Alert OpsCenter is a business-centric alert management and O&M platform. You can add alerts that are generated by third-party monitoring platforms, such as Zabbix and Prometheus, and alerts that are generated by Simple Log Service resources to a business. This way, you can use the business to manage alerts and send alert notifications in a unified manner and improve the O&M efficiency. This topic describes the architecture and features of Alert OpsCenter.
Simple Log Service Alert OpsCenter allows you to manage alerts by business. Each business includes a complete pipeline that starts from the resource layer and ends at incident management.
Resource layer: includes computing, storage, and network resources, such as hosts, virtual machines, Server Load Balancer (SLB) resources, Java applications, and Go applications.
Metric layer: includes time series data, log data, and trace data. Metrics can show the health status of each resource.
Monitoring layer: allows you to create alert monitoring rules to monitor metrics by using monitoring tools such as Zabbix, Prometheus, the alert monitoring system of Simple Log Service, and the intelligent inspection feature of Simple Log Service. For example, you can monitor high CPU utilization and transient, sharp increases in network traffic.
Visualization layer: provides visualized reports to display the alert status for different resources, such as the trends in the number of triggered alerts, the handling status of alerts, and the status of alert notifications.
Alert notifications: If an alert is triggered, Simple Log Service sends alert notifications based on a specified action policy. Simple Log Service can send alert notifications to specified users by using SMS messages, voice calls, DingTalk, custom webhooks, EventBridge, and Function Compute. Before Simple Log Service sends alert notifications, you can use alert policies to denoise alerts.
Incident management: After alerts are sent to the alert management system, the alerts are merged into different sets based on a route consolidation policy. An incident is automatically created for each set. O&M engineers can manage different alert incidents. For example, you can change the status of an incident to resolved, confirmed, or ignored. You can also specify incident handlers.
Alert OpsCenter provides the following features:
Alert source integration: An alert source is the source of alerts in a business. Alert sources include Log Business resources and third-party alert sources. You can use the following methods to integrate alert sources:
Vertical alert sources
You can integrate alert sources based on your technical deployment. For example, if you use resources from the access layer, computing layer, and storage layer, you can add the resources to a business for unified management.
Horizontal alert sources
You can integrate alert sources based on your O&M requirements. For example, if your database O&M team wants to manage all RDS instances, you can add the data of the RDS instances to a business for unified management.
Third-party alert sources
If an enterprise has one or more monitoring platforms, such as Zabbix and Prometheus, the enterprise can add the alert data that is generated by the monitoring platforms to a business for unified management.
Business policies: Alert OpsCenter allows you to configure business policies to merge, suppress, or silence alerts. Business policies support the following three configuration modes: Enable, Disable, and Mixed.

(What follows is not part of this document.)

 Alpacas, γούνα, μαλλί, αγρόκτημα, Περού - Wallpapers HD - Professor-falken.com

In Enable mode, the alert policy and the action policy that are configured for the current business are applied. If an alert source in the business is associated with an available alert policy and an available action policy in Alert Center, the policies that are associated with the alert source are disabled.

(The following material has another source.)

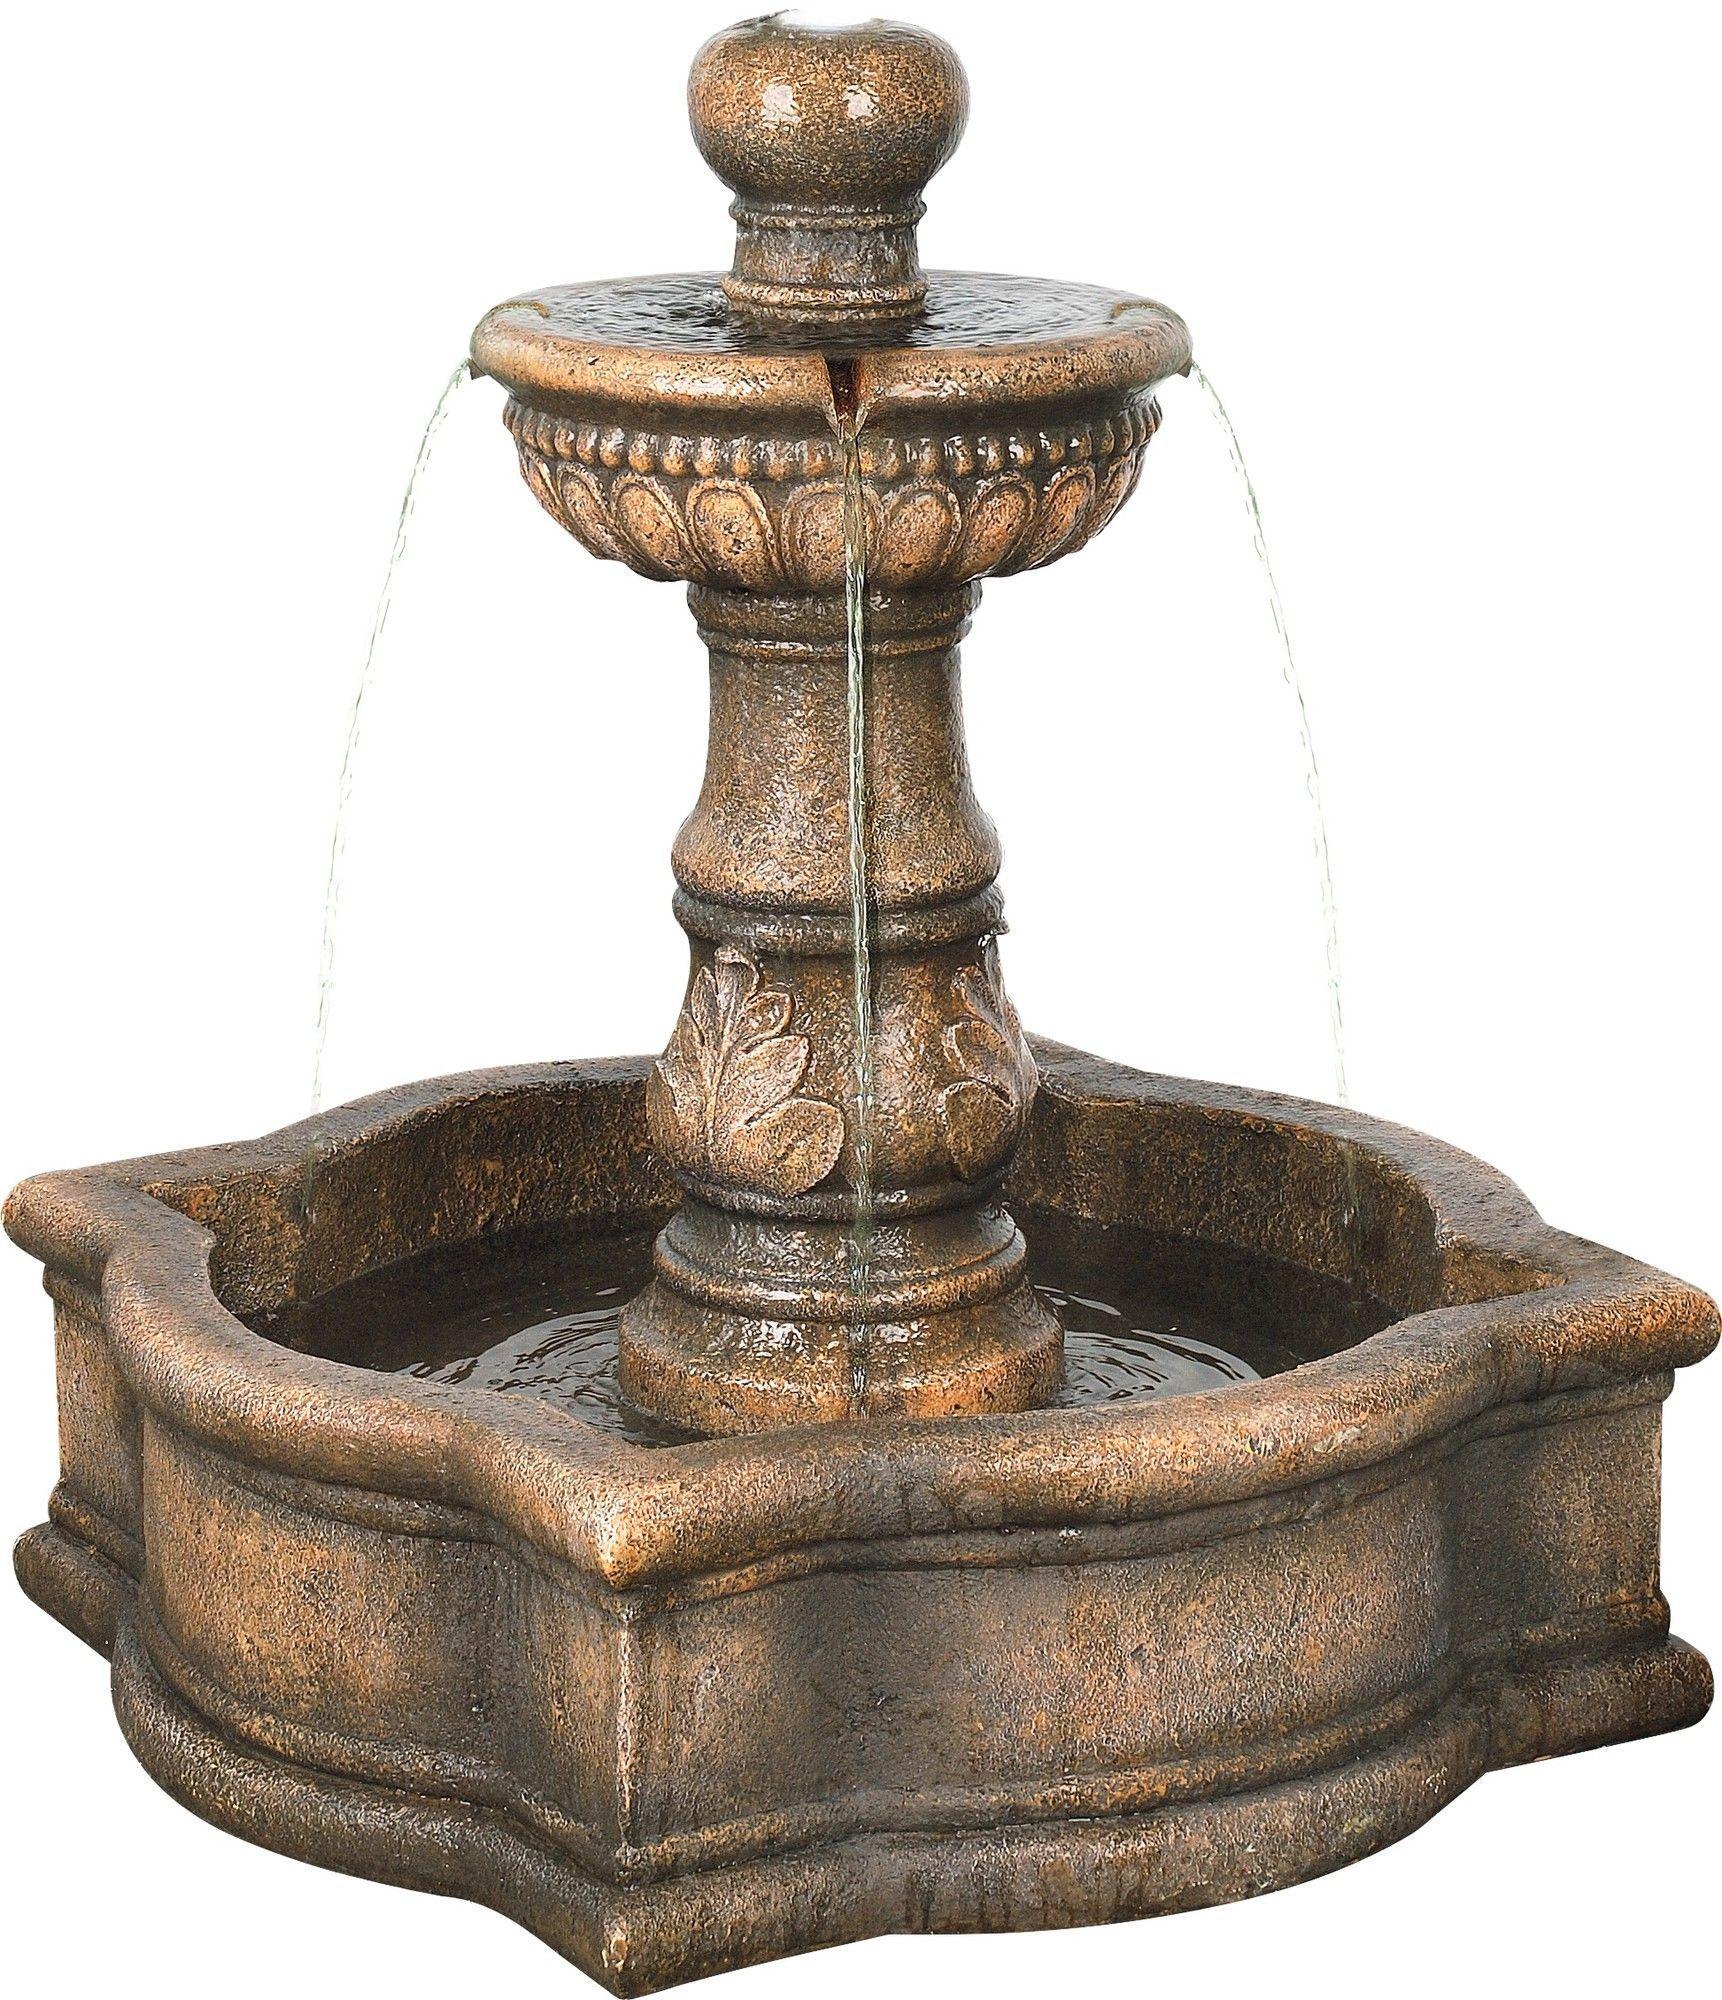 Pembrooke Old World Design Fountain

In Disable mode, the alert policy and the action policy that are configured for the current business are not applied. If an alert source in the business is associated with an available alert policy and an available action policy in Alert Center, the policies that are associated with the alert source are enabled.
If an alert source in the business is associated with an available alert policy and an available action policy in Alert Center, the policies that are associated with the alert source and the policies that are configured for the business are all enabled.
Incident management: You can change the status of an incident to confirmed, ignored, or resolved. You can also specify incident handlers.
Alert Status dashboard: Alert OpsCenter provides the Alert Status dashboard that displays the status of an alert source, or the details of triggered alerts and alert status in a business.
Troubleshooting dashboards: Alert OpsCenter provides troubleshooting dashboards that include the following dashboards: Global Alert Pipeline Center, Global Alert Rule Center, Global Alert Troubleshooting Center, and Pub Alert Center. The preceding dashboards display information about alerts.